● Information supplied:

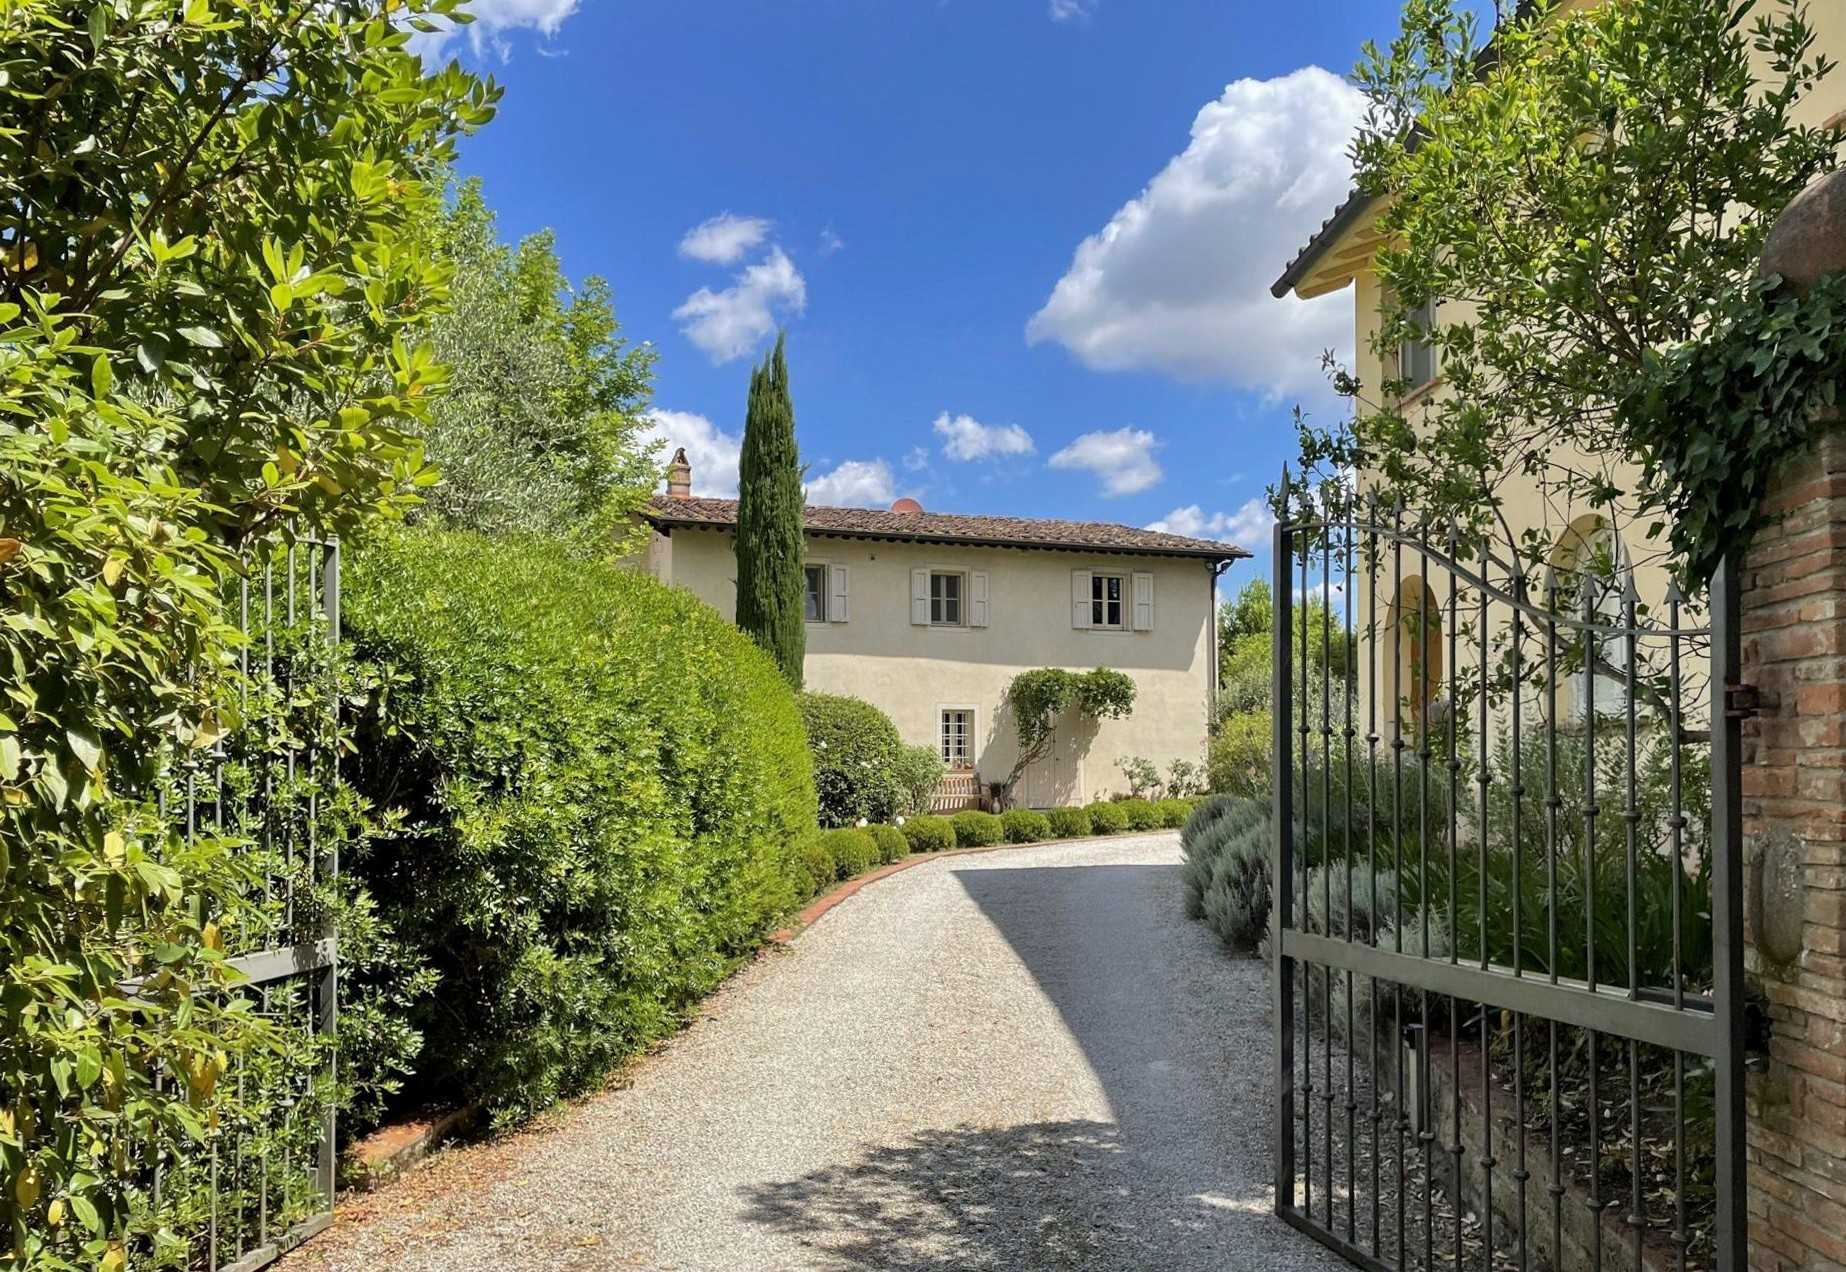 Images Villa met 7 hectare grond tussen Pisa en Florence
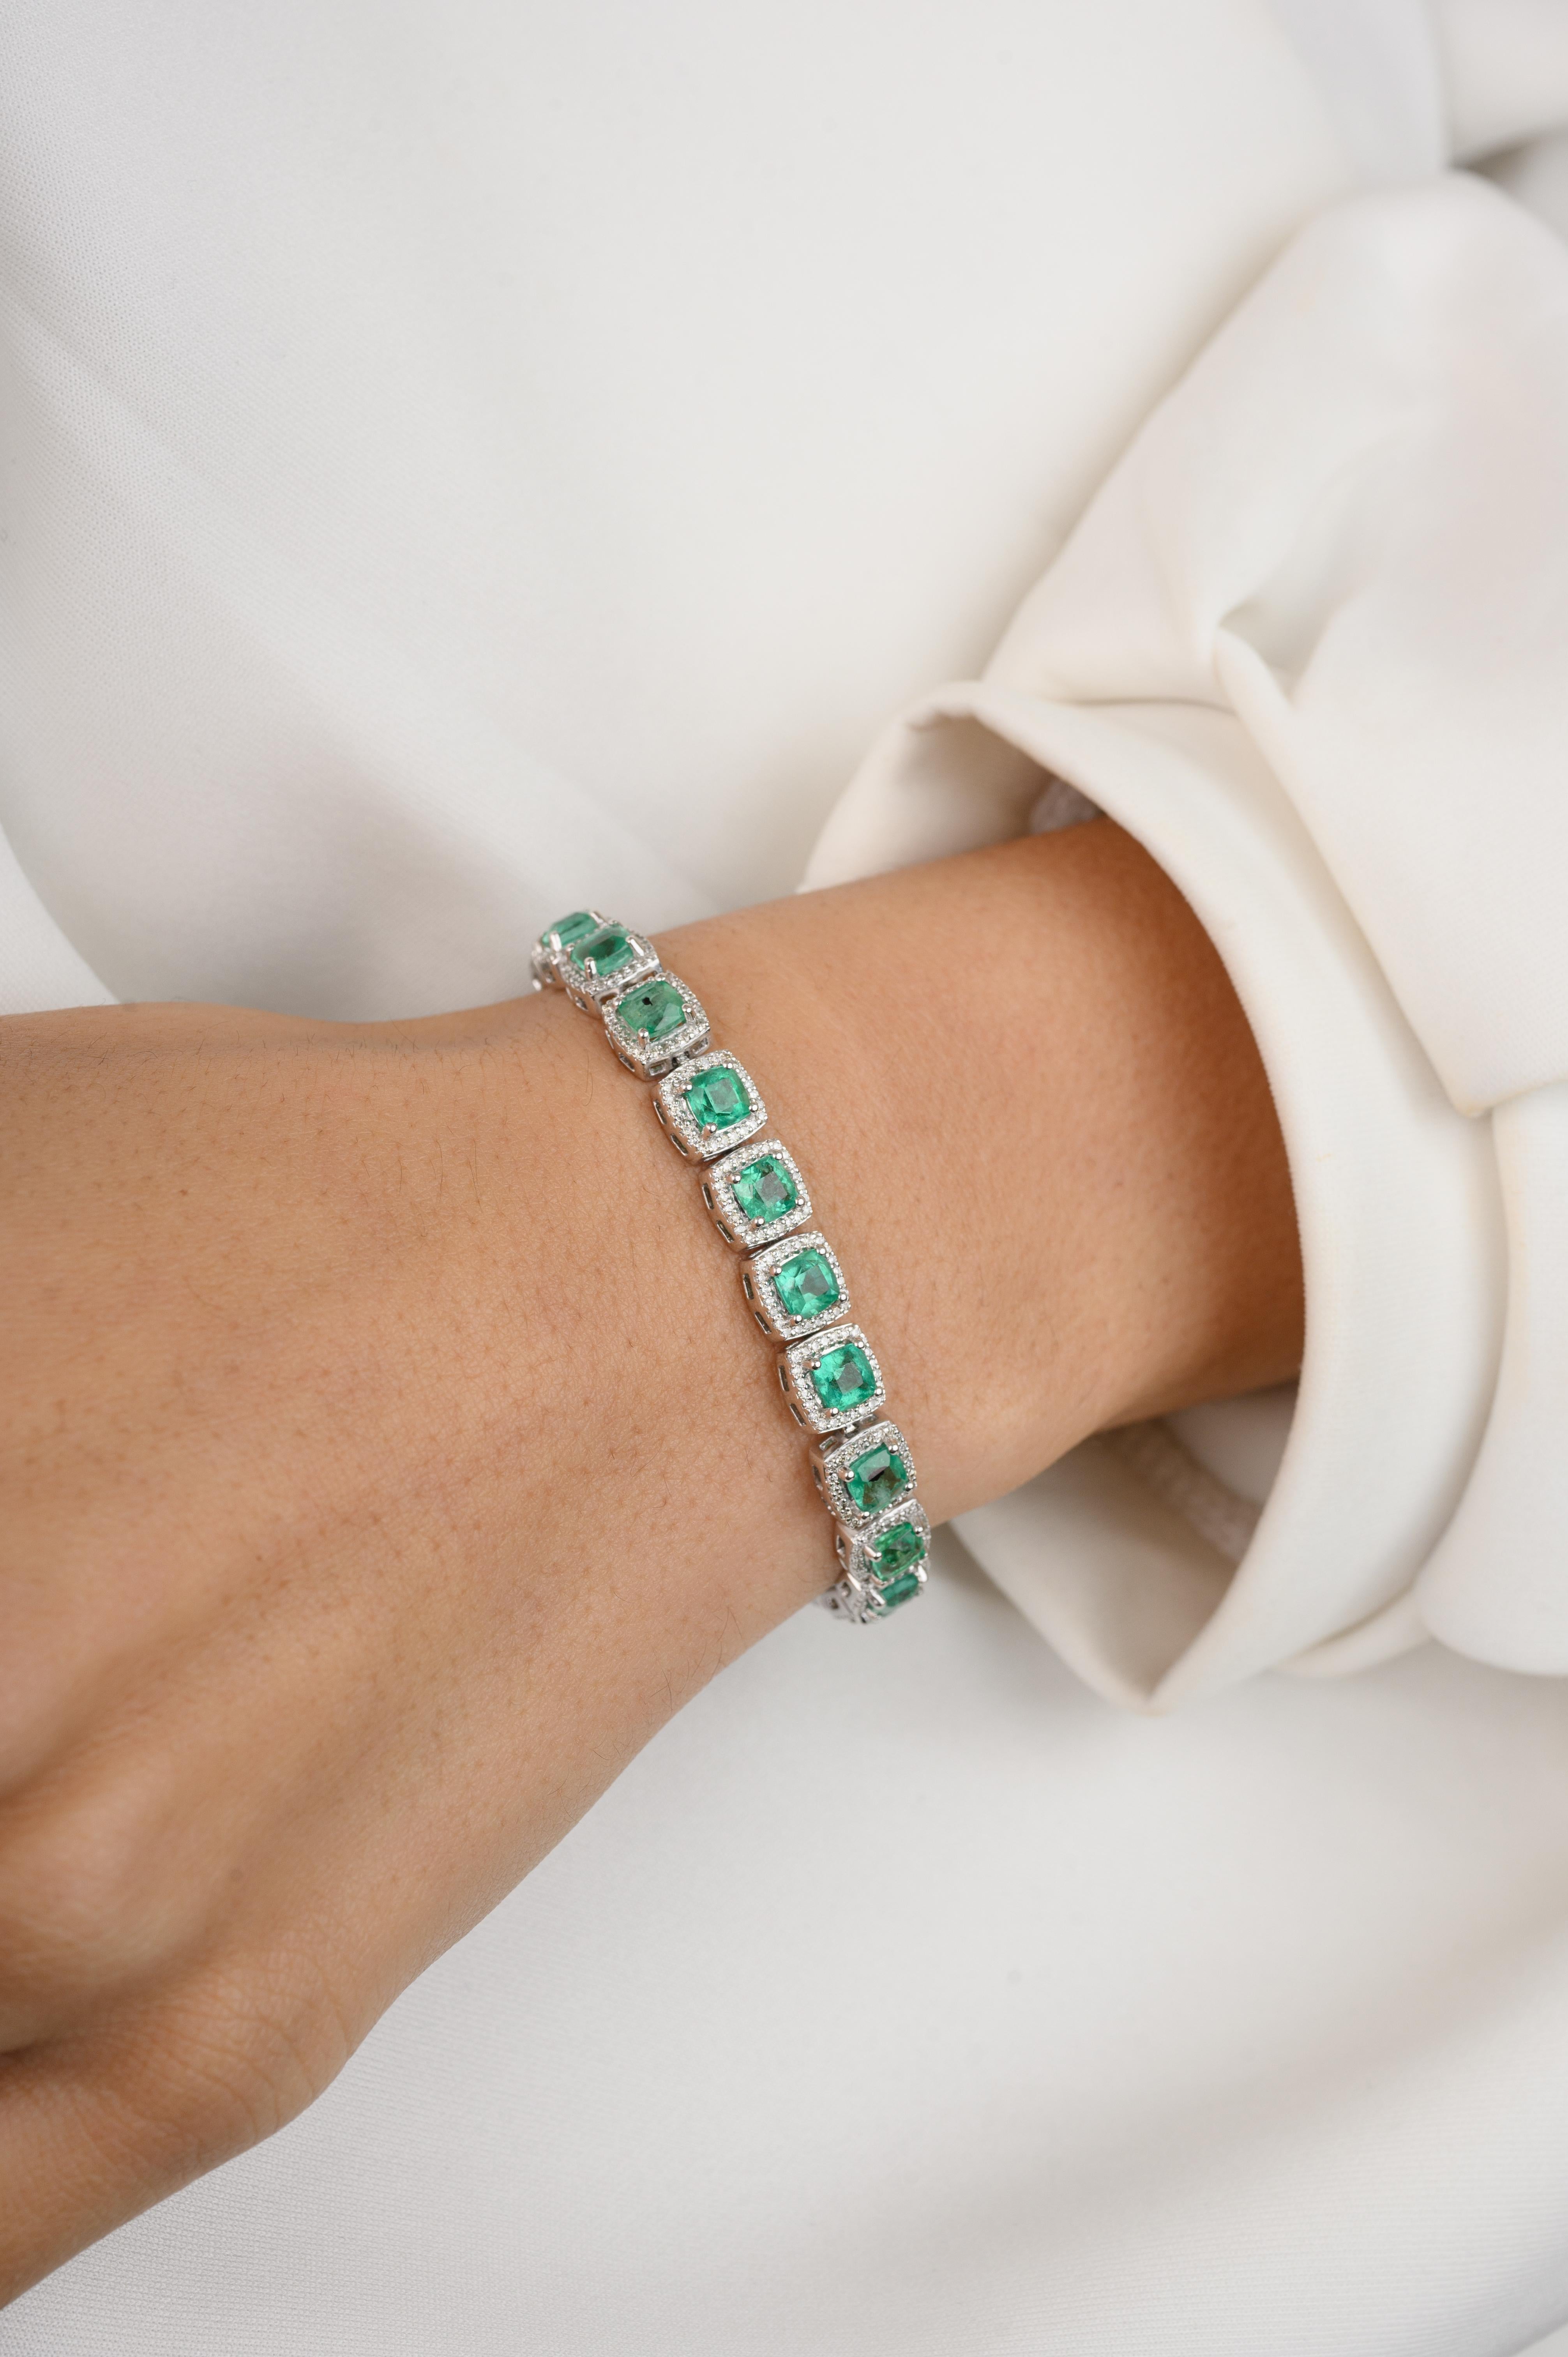 Ce bracelet de fiançailles Emerald Diamond Halo en or 18 carats met en valeur une émeraude naturelle à l'éclat infini, pesant 10,01 carats, et des diamants pesant 1,61 carats. Il mesure 7 pouces de long. 
L'émeraude renforce les capacités

● What you are asked to do:
Reproduce the entire listing exactly, except for any pictures it contains.

● Result of the task:
 Images Villa met 7 hectare grond tussen Pisa en Florence
 Ce bracelet de fiançailles Emerald Diamond Halo en or 18 carats met en valeur une émeraude naturelle à l'éclat infini, pesant 10,01 carats, et des diamants pesant 1,61 carats. Il mesure 7 pouces de long. 
L'émeraude renforce les capacités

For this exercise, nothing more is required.